Big Ten Wonk
Tuesday, November 01, 2005
 
A preface to statistics
Alert readers may have noticed that I've coughed up a baseball-esque wall o' stats as part of the new-year kickoff festivities. And just as surely as a Steve Alford whine about an alleged lack of FTAs follows every Iowa loss, this kind of middle-of-the-night stat-dumping will likely result in an email to your intrepid blogger that will go about like this: Stats are meaningless, watch the games, give me a guy who's a winner any day and you can keep your numbers, etc.

Fear not, fair readers. Two prefatory points I'd commend to your profound consideration....

1. It's November--what else am I going to blog about?
The bevy of stats in this space is not unprecedented. Last November I busied myself with detailed considerations of Michigan State's shooting percentages and assist-turnover ratios--only no one cared because no one was reading any of it. This year, my site counter informs me, is different in that respect.

So sit tight. Right now all we have is our memories, goings-on at practice (zzz), and any other chatter floating around loose out there. But, yippee skippy, the ACC-Big Ten Challenge is just a few weeks away. And, just like last season, this Iowa Caucuses of hoops should give us plenty of new material, thus furnishing the escape velocity this blog needs for a justly frivolous acronym-slathered five-month orbit around this thing called Big Ten hoops.

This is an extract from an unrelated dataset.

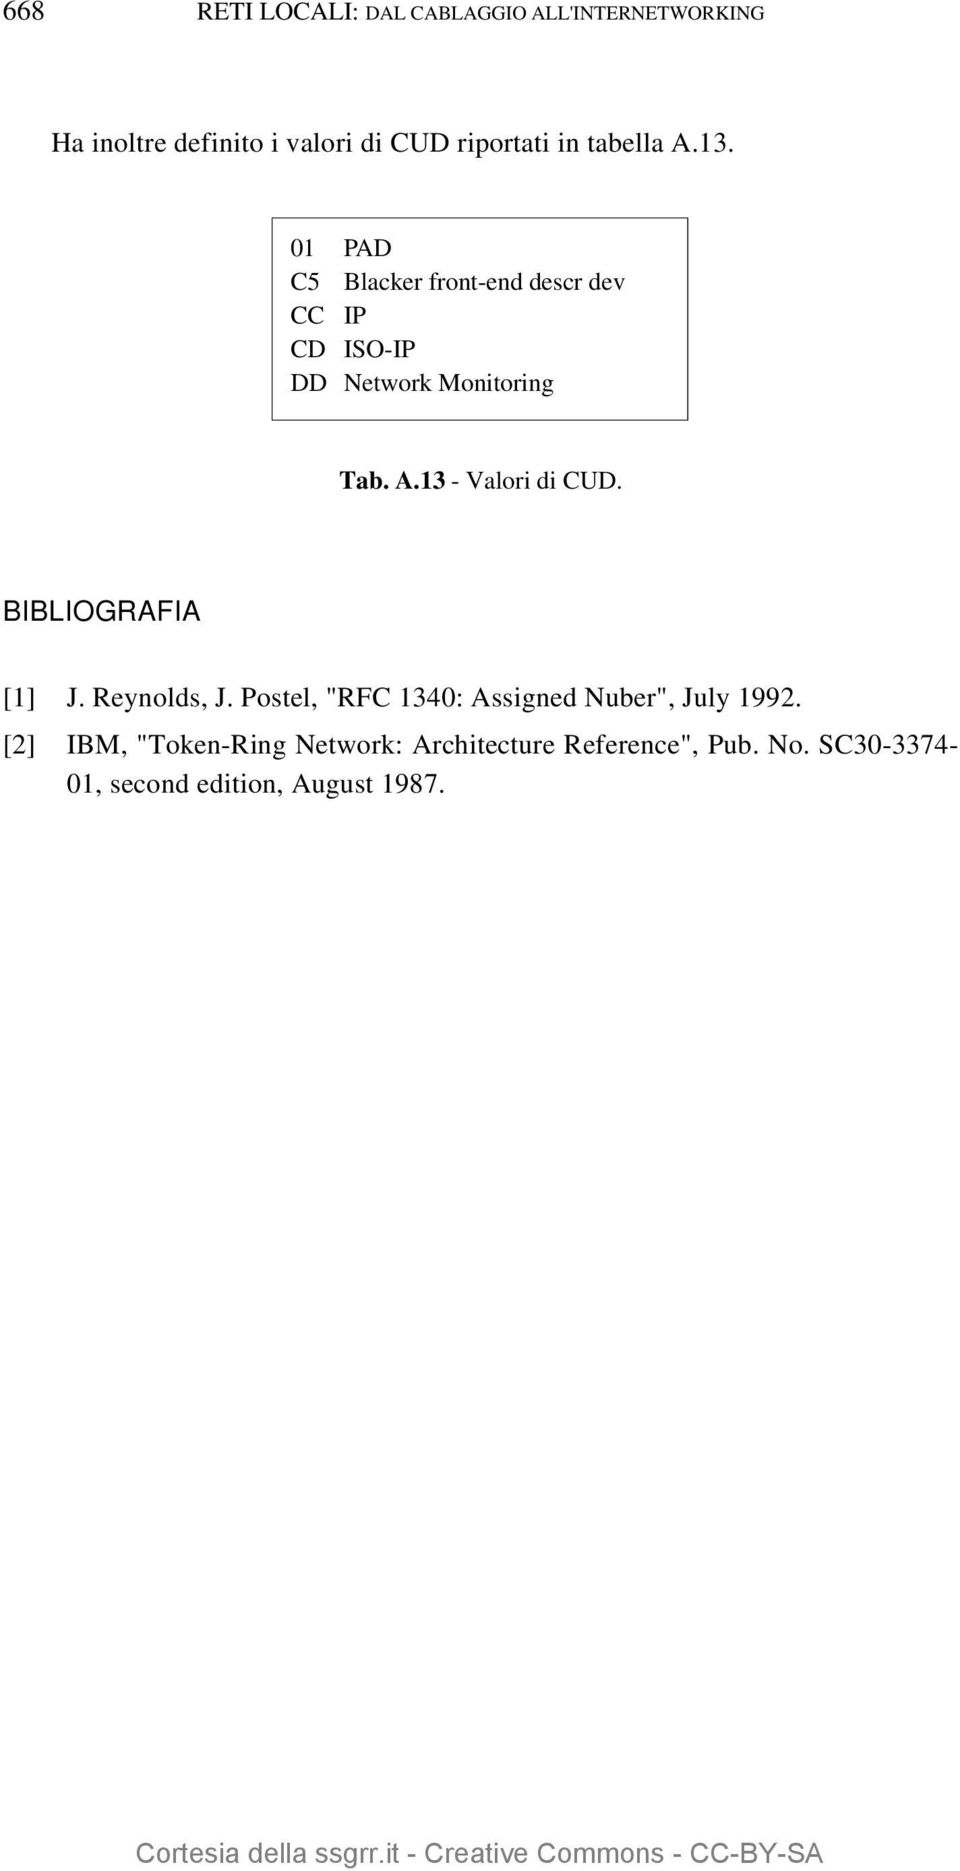 BIBLIOGRAFIA [1] J. Reynolds, J. Postel, "RFC 1340: Assigned Nuber", July 1992.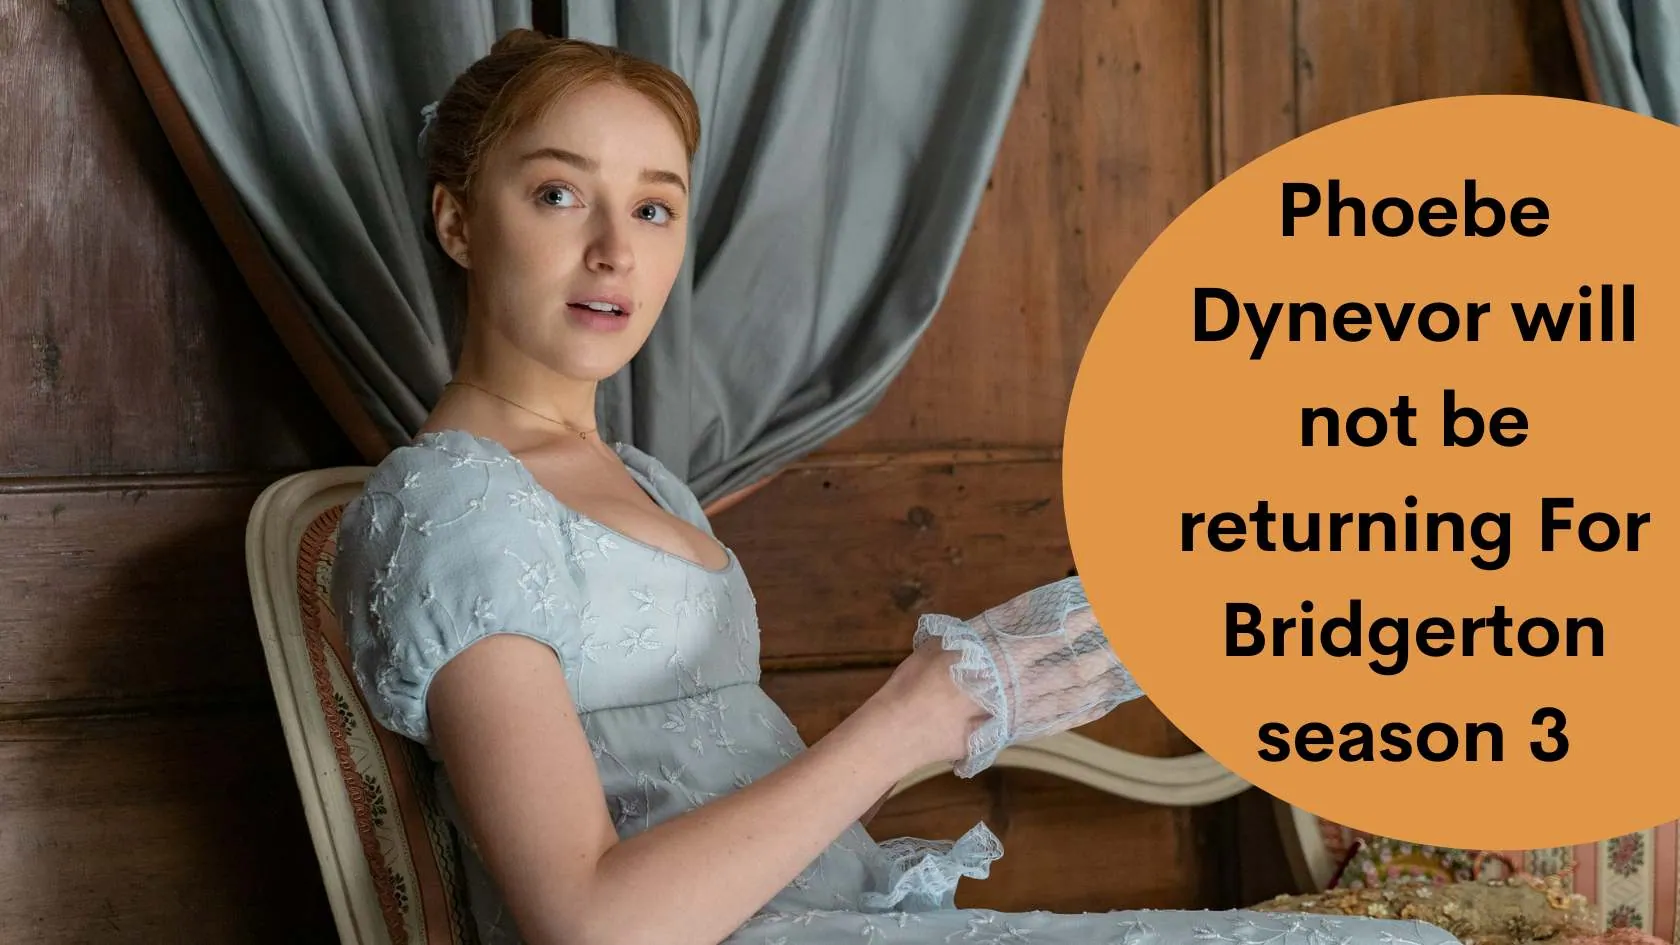 Phoebe Dynevor will not be returning For Bridgerton season 3

2. Stats don't tell the whole story.
Consider this stat line from last season, posted by a 6-10 Big Ten player:

4.5 PPG, 1.05 PPWS, 11.1 reb. pct., 1.7 assists per 100 possessions

What can we say about this guy? Not much of a scorer, obviously; certainly not an efficient one--his 1.05 PPWS puts him below even the notoriously inefficient Bracey Wright. As for the rest: the 11.1 rebound percentage would be impressive if he were half-a-foot shorter but for a 6-10 guy that's frankly mediocre--if not downright anemic. And if his teammates are waiting for a dish from this guy they'll be waiting a very long time.

(Ha! Now for the Folgers-crystals-like surprise! Ooo, this is gonna be great!) "This guy" is in fact the now-departed Jack Ingram of Illinois. He graduated, he ain't in the NBA, and, goodness knows, he poses no threat to any professional's roster spot. I'm not suggesting Ingram was the second coming of Glenn Robinson--or even Brian Cardinal. And yet....

Was he not a key ingredient in the Illini's season? Let Wisconsin fans answer, mindful of Ingram's two huge threes in Madison that transformed a three-point deficit into a three-point Illini lead in a little more than sixty seconds. Let Arizona fans answer, mindful not only of Ingram's pivotal and fateful steal of the Wildcat inbounds pass in the game's final minute but also of his subsequent, immediate, and decisive action in a chaotic coaching-free zone: moving into screening position on the opposite wing from the ball, a move that made possible Deron Williams' game-tying three. Was he not key?

Stats don't tell the whole story. No one thing tells the whole story. Your intrepid blogger will therefore continue to strive for a C. Wright Mills-esque sociological imagination kind of thing: thoughts resting not only on numbers but also on input from the optic nerves and from the tiny Wonk inner voice (TWIV). We'll see how that goes.